Assigned task: Reproduce the whole listing below without its pictures, exactly as written.
--- Data provided Enclosed Below ---
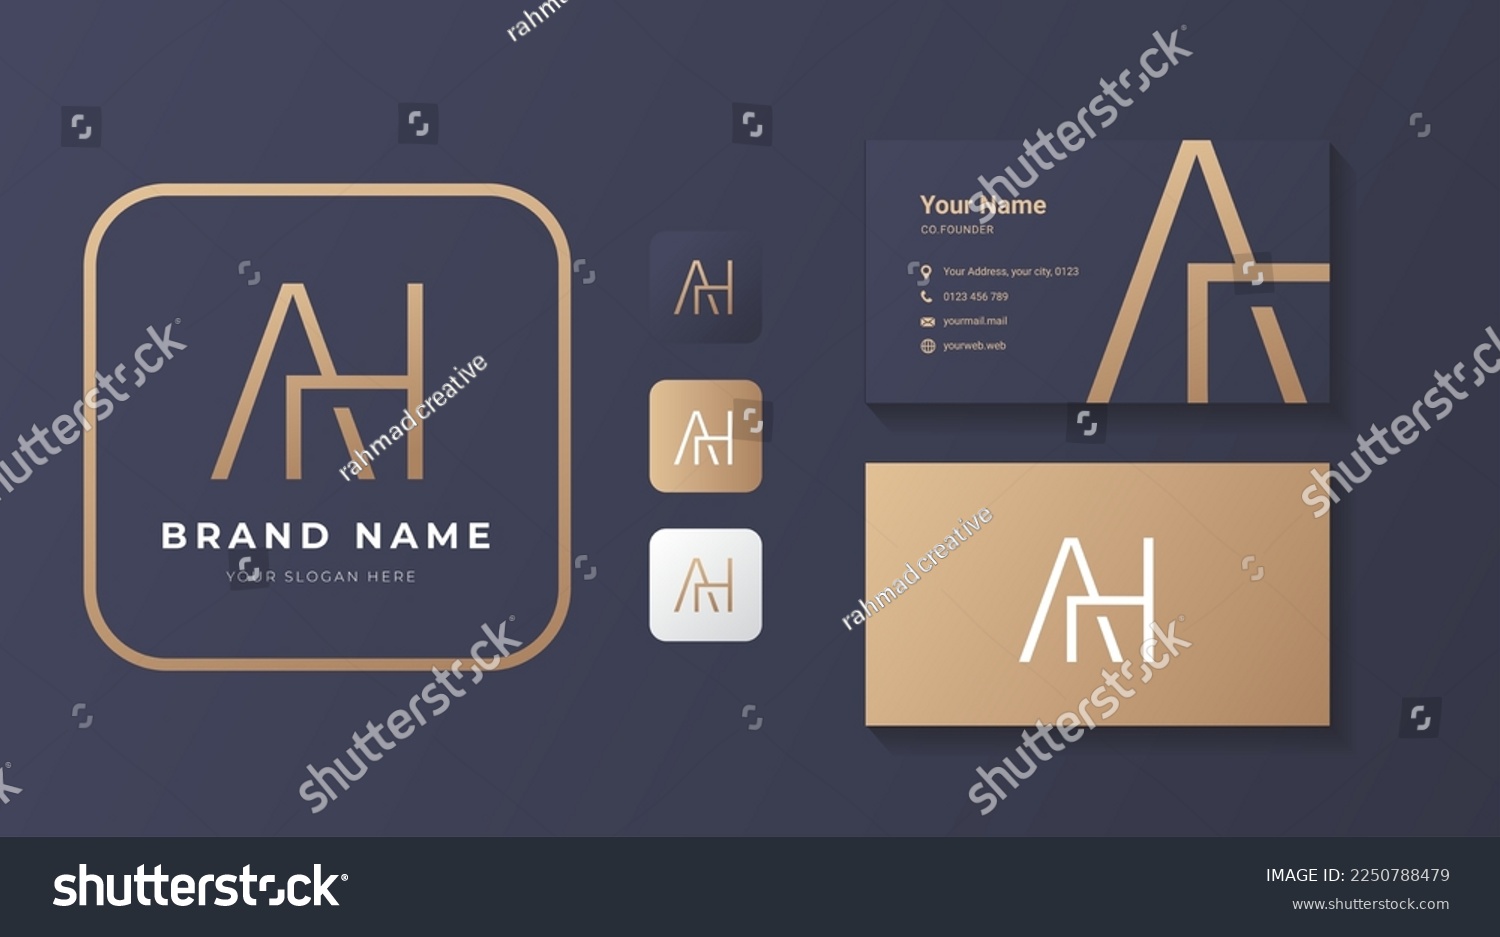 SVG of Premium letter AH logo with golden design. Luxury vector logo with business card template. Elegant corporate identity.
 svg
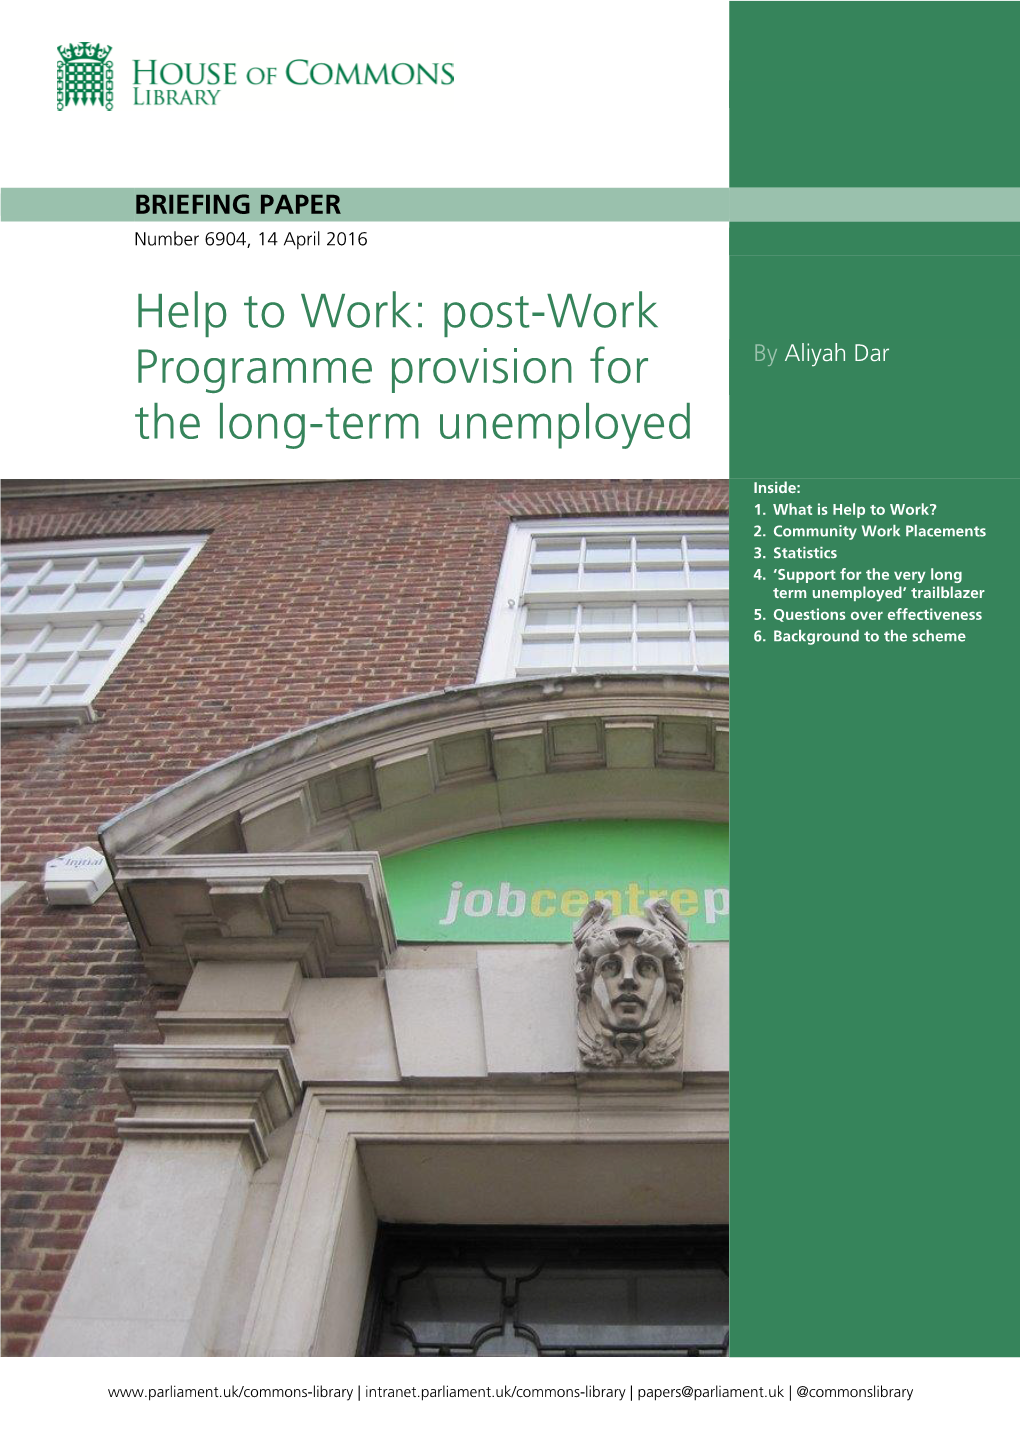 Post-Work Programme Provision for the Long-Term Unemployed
--- End of Enclosed Data provided ---
Exercise solution:
 SVG of Premium letter AH logo with golden design. Luxury vector logo with business card template. Elegant corporate identity.
 svg
 Post-Work Programme Provision for the Long-Term Unemployed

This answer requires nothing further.